YOUR TASK
I need the number of lines in the data that contain the word "Nord", and nothing beyond it.

————

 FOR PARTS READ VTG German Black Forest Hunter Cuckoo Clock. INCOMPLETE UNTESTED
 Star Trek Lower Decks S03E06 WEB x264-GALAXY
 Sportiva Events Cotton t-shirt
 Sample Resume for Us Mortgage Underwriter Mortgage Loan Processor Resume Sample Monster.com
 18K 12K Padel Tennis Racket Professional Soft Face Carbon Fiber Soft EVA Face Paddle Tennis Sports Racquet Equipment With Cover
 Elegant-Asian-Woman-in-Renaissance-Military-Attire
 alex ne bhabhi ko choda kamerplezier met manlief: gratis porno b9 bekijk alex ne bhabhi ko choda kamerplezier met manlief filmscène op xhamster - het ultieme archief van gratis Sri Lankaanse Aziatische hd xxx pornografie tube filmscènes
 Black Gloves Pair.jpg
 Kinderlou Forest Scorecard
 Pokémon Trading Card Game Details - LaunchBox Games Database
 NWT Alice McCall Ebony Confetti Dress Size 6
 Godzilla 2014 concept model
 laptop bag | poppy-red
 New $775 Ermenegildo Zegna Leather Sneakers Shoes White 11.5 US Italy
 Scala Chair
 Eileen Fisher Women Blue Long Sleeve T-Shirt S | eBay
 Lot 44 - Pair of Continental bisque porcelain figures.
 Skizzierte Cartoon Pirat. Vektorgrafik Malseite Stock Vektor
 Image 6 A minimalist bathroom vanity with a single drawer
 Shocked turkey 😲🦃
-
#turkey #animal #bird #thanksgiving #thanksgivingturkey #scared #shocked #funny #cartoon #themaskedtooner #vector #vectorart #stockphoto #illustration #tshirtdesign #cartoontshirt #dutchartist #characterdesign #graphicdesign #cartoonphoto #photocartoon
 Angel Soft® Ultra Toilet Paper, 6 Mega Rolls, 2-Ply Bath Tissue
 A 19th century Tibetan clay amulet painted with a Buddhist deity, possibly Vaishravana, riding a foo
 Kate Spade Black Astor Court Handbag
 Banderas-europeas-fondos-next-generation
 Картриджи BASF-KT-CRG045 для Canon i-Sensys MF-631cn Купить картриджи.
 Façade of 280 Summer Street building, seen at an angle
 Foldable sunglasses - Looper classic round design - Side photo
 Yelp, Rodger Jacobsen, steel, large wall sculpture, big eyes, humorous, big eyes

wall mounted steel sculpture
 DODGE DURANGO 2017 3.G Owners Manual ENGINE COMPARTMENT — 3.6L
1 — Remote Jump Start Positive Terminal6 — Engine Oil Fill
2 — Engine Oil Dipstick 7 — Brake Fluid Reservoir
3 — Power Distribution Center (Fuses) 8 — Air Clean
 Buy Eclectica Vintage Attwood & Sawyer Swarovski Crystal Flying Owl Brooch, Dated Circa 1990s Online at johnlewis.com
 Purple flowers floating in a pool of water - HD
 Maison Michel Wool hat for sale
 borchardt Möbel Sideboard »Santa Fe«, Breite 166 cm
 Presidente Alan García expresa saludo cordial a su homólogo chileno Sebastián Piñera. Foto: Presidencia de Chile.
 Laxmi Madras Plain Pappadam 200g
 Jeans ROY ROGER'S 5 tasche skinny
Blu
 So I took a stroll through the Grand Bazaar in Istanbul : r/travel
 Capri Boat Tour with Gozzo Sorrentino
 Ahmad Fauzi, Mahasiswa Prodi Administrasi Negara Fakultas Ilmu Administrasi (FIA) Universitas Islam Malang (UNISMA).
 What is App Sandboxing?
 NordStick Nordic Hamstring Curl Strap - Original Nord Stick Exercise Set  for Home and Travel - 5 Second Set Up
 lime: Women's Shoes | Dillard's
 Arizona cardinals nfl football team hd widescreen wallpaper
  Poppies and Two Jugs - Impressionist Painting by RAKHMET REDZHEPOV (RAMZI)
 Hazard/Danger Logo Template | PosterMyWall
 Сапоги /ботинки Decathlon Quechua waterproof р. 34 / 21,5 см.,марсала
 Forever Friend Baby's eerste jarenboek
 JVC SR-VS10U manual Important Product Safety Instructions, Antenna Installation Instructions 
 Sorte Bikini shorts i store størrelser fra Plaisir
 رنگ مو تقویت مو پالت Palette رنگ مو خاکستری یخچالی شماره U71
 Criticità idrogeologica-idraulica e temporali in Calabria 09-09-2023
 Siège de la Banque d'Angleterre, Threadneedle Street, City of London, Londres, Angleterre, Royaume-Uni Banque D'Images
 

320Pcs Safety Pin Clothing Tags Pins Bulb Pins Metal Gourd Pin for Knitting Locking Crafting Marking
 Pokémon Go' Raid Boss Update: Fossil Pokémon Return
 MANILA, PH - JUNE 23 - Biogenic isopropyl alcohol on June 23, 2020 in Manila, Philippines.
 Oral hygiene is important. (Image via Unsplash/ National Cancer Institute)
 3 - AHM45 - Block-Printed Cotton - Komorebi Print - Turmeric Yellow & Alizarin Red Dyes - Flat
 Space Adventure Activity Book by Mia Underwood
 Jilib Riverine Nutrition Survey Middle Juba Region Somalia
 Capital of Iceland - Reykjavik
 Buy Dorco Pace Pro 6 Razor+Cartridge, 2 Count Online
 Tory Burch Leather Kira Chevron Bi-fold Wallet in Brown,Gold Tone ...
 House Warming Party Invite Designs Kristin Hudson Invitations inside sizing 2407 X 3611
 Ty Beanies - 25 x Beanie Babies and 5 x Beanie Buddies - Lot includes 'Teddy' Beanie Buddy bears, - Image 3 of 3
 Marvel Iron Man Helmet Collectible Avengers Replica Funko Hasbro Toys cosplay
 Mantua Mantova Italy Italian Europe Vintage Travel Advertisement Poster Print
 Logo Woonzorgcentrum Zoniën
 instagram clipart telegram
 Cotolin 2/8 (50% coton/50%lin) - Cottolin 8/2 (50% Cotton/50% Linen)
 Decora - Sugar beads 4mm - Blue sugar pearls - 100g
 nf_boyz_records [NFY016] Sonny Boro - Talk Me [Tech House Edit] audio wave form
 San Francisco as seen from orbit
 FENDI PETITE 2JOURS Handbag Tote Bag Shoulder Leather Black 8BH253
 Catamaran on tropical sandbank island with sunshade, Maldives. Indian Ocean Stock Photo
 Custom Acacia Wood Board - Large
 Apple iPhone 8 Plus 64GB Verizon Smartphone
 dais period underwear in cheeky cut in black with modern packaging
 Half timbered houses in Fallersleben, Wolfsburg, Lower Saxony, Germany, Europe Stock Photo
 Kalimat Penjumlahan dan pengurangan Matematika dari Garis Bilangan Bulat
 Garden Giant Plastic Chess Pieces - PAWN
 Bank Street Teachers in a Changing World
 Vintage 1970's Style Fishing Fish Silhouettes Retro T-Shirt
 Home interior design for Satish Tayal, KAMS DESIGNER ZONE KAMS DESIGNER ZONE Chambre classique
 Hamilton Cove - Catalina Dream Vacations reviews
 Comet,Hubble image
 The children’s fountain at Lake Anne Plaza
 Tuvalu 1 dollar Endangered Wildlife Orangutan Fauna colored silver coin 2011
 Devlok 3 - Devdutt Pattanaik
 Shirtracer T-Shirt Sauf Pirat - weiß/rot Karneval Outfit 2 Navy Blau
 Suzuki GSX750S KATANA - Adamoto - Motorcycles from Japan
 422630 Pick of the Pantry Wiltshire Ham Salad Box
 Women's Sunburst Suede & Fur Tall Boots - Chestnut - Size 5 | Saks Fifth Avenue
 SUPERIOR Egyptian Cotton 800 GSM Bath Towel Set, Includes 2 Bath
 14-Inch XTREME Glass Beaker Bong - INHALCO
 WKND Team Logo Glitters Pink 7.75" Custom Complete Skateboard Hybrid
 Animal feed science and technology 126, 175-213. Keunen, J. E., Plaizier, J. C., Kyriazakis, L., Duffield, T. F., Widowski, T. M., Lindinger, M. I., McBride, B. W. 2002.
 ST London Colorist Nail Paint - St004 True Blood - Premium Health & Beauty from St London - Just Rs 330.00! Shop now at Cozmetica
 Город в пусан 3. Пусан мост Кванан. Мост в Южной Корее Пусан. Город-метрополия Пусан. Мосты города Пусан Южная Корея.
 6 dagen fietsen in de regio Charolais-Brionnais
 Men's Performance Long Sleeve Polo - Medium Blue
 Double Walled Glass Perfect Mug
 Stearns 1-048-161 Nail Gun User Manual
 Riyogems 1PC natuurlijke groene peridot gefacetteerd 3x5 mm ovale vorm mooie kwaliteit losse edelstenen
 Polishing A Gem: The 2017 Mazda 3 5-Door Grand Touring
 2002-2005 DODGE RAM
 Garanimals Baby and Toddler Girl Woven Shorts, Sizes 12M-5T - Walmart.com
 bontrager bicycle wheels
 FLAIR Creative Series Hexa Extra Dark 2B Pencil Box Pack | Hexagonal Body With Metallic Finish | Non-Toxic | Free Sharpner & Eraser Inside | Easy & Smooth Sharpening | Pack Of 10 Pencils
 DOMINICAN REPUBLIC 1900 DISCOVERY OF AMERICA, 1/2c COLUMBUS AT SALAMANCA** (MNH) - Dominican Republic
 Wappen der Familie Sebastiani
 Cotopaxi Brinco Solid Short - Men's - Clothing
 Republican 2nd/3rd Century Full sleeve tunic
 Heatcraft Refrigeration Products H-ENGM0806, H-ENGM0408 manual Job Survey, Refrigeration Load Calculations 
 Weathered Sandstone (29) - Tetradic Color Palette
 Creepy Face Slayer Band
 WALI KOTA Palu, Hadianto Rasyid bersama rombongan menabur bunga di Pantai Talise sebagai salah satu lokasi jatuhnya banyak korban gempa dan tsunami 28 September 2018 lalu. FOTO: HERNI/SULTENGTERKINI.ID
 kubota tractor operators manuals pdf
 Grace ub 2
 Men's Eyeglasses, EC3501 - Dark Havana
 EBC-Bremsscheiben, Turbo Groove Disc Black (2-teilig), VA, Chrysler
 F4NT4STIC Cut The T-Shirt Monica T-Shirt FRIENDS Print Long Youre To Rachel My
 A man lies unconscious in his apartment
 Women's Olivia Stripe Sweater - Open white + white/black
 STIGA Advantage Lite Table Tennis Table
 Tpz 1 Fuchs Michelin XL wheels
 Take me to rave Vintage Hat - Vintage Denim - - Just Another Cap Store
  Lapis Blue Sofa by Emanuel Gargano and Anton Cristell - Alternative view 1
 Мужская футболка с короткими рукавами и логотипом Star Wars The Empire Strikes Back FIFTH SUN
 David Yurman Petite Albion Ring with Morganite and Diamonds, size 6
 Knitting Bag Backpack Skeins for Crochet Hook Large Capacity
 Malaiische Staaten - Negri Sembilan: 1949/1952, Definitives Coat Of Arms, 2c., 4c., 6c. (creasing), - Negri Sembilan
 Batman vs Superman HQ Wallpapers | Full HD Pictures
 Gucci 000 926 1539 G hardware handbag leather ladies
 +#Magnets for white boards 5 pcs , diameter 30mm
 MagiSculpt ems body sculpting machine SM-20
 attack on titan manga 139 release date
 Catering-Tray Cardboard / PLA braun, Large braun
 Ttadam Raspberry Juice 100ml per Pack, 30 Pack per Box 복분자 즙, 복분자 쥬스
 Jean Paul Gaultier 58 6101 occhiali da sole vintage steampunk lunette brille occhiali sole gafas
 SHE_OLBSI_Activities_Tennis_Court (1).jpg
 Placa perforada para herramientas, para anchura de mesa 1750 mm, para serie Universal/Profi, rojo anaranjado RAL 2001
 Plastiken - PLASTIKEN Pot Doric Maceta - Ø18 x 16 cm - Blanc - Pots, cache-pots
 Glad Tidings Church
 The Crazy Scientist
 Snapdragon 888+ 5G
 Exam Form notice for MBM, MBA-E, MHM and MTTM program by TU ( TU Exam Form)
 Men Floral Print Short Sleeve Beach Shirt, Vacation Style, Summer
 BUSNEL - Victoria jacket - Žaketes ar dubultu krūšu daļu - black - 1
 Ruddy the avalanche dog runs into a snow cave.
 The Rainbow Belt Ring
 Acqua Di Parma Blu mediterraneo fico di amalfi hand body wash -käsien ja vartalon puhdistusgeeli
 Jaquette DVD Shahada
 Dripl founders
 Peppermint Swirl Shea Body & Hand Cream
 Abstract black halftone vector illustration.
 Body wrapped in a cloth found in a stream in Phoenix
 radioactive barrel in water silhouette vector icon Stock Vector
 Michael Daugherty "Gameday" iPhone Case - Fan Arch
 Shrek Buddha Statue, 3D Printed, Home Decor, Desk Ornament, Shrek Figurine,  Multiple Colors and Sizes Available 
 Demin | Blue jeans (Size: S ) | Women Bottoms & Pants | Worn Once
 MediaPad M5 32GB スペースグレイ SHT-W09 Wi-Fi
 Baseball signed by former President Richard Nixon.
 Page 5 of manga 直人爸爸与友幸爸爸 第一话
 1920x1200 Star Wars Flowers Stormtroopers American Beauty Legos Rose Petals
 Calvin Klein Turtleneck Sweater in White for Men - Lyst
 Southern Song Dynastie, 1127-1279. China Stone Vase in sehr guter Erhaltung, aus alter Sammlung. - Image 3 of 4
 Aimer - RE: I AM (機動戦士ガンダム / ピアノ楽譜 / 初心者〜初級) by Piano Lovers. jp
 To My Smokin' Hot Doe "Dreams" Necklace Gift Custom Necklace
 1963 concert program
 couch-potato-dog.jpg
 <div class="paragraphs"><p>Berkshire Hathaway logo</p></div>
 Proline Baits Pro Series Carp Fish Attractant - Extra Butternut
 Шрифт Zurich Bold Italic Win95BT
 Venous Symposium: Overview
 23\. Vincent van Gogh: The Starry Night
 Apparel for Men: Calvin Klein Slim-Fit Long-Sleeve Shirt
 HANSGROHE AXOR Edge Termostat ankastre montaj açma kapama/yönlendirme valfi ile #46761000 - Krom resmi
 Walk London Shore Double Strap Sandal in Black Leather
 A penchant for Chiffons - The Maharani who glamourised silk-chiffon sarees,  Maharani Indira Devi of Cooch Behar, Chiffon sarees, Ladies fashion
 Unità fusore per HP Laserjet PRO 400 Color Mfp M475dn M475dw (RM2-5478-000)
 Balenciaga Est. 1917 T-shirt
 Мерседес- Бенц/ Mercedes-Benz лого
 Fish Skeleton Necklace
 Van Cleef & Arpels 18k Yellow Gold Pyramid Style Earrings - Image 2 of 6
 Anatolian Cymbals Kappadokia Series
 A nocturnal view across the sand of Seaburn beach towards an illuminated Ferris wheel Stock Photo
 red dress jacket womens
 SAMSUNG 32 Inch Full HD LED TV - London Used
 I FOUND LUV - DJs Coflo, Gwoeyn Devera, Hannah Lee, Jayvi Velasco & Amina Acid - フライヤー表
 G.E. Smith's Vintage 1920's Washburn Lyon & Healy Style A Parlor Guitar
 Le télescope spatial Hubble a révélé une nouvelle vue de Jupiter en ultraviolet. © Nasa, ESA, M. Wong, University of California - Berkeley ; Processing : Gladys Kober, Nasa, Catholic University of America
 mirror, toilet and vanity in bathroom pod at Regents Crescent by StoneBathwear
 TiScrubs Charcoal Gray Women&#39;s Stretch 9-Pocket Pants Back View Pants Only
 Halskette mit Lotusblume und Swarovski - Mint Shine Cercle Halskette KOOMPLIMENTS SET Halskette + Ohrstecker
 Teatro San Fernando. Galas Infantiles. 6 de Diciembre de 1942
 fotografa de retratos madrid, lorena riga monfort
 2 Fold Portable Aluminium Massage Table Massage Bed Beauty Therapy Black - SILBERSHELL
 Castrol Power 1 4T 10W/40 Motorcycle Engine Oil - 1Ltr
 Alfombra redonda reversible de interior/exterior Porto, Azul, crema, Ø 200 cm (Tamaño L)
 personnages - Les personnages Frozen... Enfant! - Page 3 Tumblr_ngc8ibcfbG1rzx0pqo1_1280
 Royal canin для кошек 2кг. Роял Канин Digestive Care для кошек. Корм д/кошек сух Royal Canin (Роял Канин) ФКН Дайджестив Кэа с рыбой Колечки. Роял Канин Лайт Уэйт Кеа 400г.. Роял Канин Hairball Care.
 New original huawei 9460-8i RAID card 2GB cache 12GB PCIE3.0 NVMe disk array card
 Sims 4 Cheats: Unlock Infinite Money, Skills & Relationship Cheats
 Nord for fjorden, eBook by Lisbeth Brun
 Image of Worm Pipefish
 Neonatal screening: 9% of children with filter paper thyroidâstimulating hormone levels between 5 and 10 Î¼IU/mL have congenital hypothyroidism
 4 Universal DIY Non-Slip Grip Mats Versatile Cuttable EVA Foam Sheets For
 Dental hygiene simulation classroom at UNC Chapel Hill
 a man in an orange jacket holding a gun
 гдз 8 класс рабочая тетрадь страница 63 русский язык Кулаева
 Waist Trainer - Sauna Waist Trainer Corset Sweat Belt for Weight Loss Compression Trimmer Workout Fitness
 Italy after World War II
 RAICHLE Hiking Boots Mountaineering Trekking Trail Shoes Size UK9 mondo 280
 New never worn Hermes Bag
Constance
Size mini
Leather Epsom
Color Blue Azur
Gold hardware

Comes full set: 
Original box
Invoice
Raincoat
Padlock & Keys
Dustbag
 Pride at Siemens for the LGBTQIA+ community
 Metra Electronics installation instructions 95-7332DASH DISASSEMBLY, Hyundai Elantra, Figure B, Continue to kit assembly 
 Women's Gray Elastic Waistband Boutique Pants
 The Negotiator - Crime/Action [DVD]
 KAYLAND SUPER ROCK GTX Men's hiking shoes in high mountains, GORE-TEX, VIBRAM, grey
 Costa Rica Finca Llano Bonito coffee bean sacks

————

REPLY
2